Time series plot and Moran’s I statistic22 were used to measure the temporal and spatial autocorrelation for the distribution of HFMD epidemic, respectively.

Before fitting spatiotemporal Bayesian models, all environmental factors, except T, were standardized to eliminate the influence caused by different dimensions. In order to handle the non-linear effect, T was divided into two categories (<25 °C and ≥25 °C) with the cut-off point of 25 °C23. Initially, we estimated the univariate effect for environmental factors. From there, a manual backward selection process was used to determine the final multivariable model to fit the HFMD epidemic. In this procedure, environmental factors with 95% credible interval (CI) covering the null hypothesis would be excluded. Additionally, we calculated the deviance information criterion (DIC) and the proportion of variation explained (Contribution) for the estimation of model and factors. The differences in information criterion versus the null model are very important and useful to the model selection and multi-model inference24. Trace plots were used to assess the convergence of markov chain monte carlo (MCMC) simulation in the Bayesian model fitting (Supplementary Figure S4).

Finally, we validated the final model by comparing the predicted and observed value. The symmetric mean absolute percentage error (sMAPE) was used to assess the fitting performance.

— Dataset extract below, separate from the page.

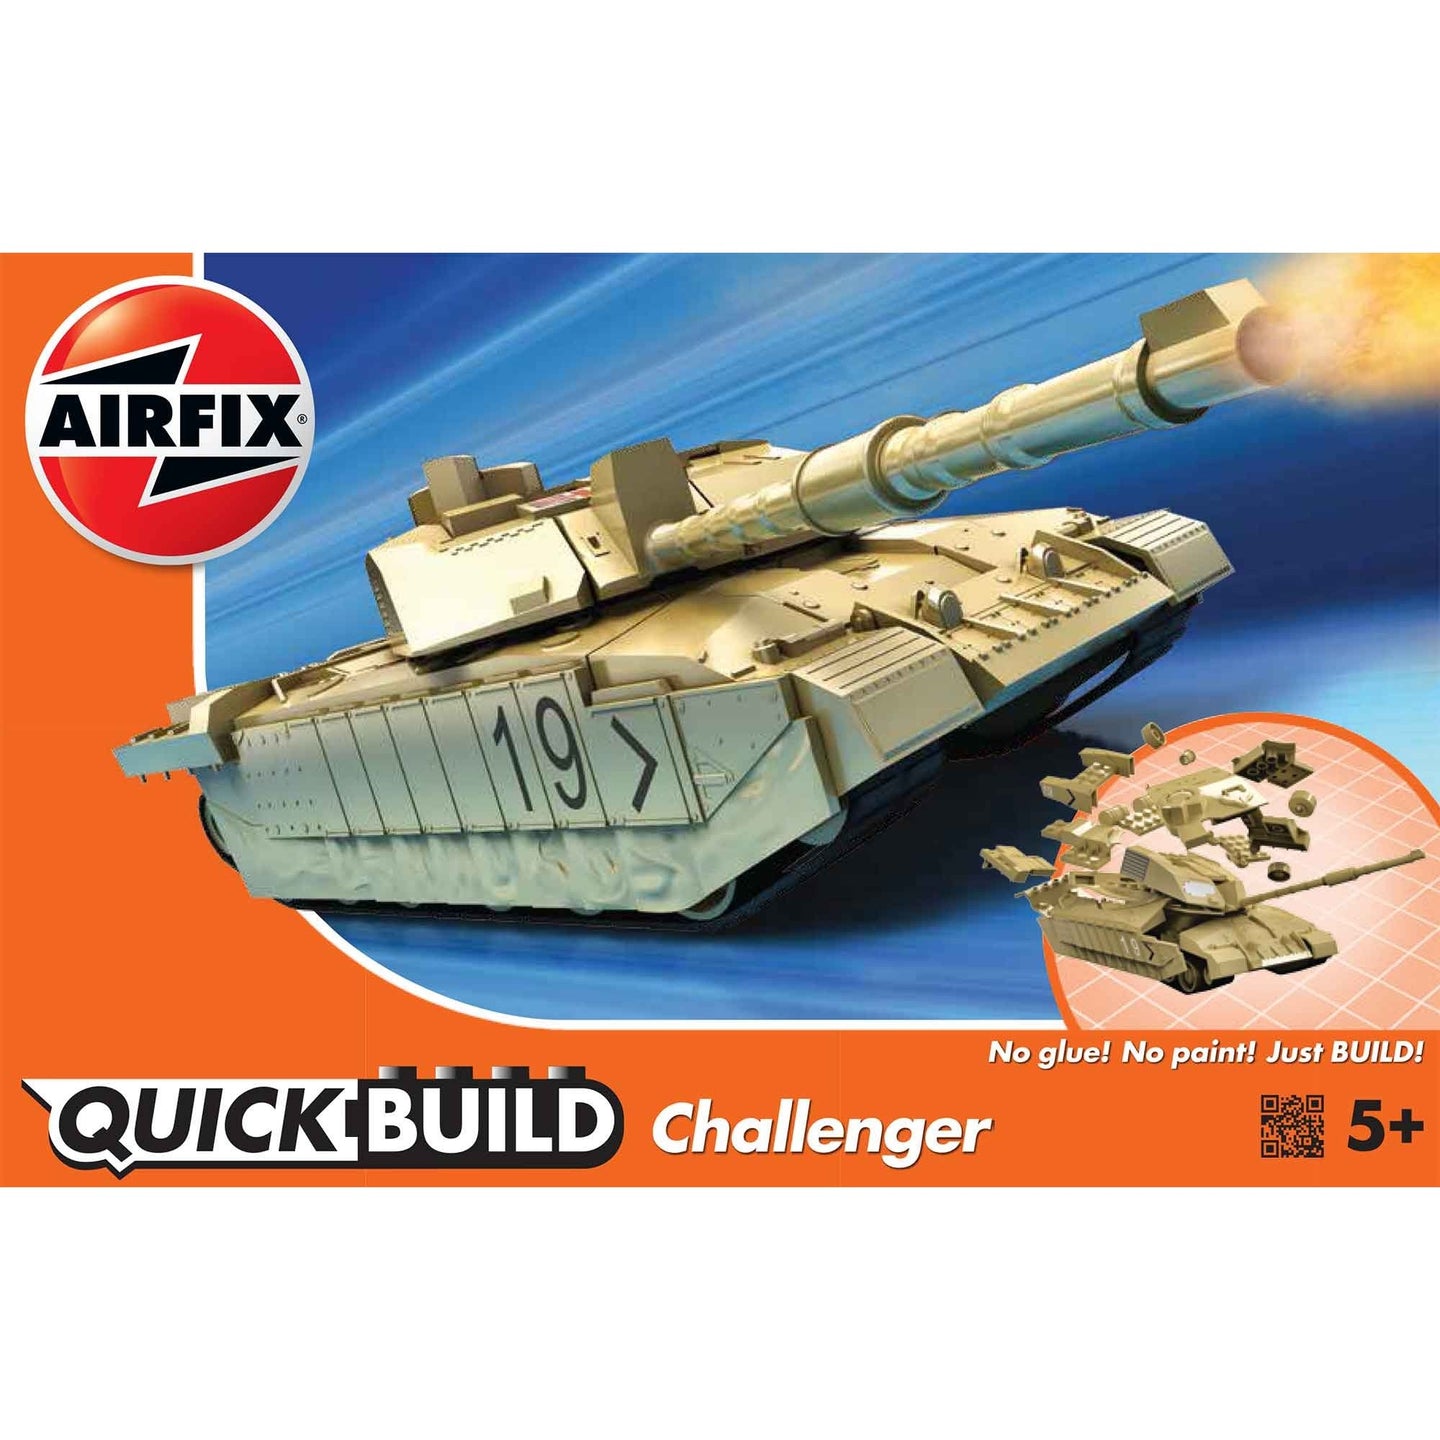 Airfix Quickbuild Snap British Challenger Tan  J6010

As we used aggregated data, interaction analysis was not applicable. All data analysis was conducted in R version 3.4.3 (R Core Team, Vienna, Austria), using the ‘base’, ‘GISTools’, ‘gstat’, ‘maptools’, ‘RColorBrewer’, ‘psych’, ‘spdep’, and ‘CARBayesST’ packages.

Bayesian spatiotemporal model

As reported by the previous studies4, a spatiotemporal model would be suitable to the HFMD epidemics with spatial autocorrelation and seasonality. We applied a Bayesian spatiotemporal generalized linear mixed model with a spatiotemporal autoregressive process that has an adaptive autocorrelation structure. This model was proposed by Rushworth et al.25, and is an extension of the Bayesian spatiotemporal generalized linear mixed model with a spatiotemporal autoregressive process to allow for local spatial heterogeneity (adaptive smoothing) rather than global smoothing. Bayesian spatiotemporal model can be represented in a hierarchical structure as specified in the equation below.

$${Y}_{kt}\sim {\rm{Poisson}}({\mu }_{kt}),\,\mathrm{ln}({\mu }_{kt})=\beta \ast {{X}_{kt}}^{{\rm{T}}}+{O}_{kt}+{\psi }_{kt}$$

Lt Y and O denote the observed and expected number of HFMD cases, k and t denote the units of county and month. For each k = 1, …, 123 and t = 1, …, 12. The regression parameters of the vector of covariate X are denoted by β. The relative risk (RR) of X can be calculated as eβ. The ψkt term is a latent component for county unit k and time period t encompassing one or more sets of spatiotemporally auto correlated random effects. Practically, the temporal variation can be extracted from ψkt by computing the temporal marginal effect. The autoregressive random effects structure of the model is specified by “ ψkt = Φkt, Φt|Φt−1 ~ N(ρT * Φt1, τ2 * Q(W, ρS)−1) for t = 2,…,12, Φ1 ~ N(0, τ2 * Q(W, ρS)−1), τ2 ~ Inverse-Gamma(a, b), ρS, ρT ~ Uniform(0,1)”. Φt is the vector of random effects for time period t, which evolve over time through a multivariate first order autoregressive process with temporal autoregressive parameter ρT. The temporal autocorrelation is thus induced by the mean ρT * Φt-1, while spatial autocorrelation is induced by the variance τ2 * Q(W, ρS)−1. The corresponding precision matrix Q(W, ρS) was proposed by Leroux et al.26. W is the symmetric nonnegative 123 × 123 neighborhood matrix, controlling the spatial autocorrelation. Different from the simple conditional autoregressive (CAR) model, this model allows for localized spatial autocorrelation by allowing spatially neighboring random effects (τw2 ~ Inverse-Gamma(a, b)) to be correlated (inducing smoothness) or conditionally independent (no smoothing). The default values for the inverse-gamma prior for τ2 and τw2 are a = 1, b = 0.01. The package ‘CARBayesST’ allows for estimating the unknown parameters including τ2, ρS, ρT, and τw2 using MCMC method with Gibbs sampling. A single Markov chain was run for 110,000 iterations with a 10,000 burn-in period and subsequently thinned by 10 to reduce the autocorrelation in this study.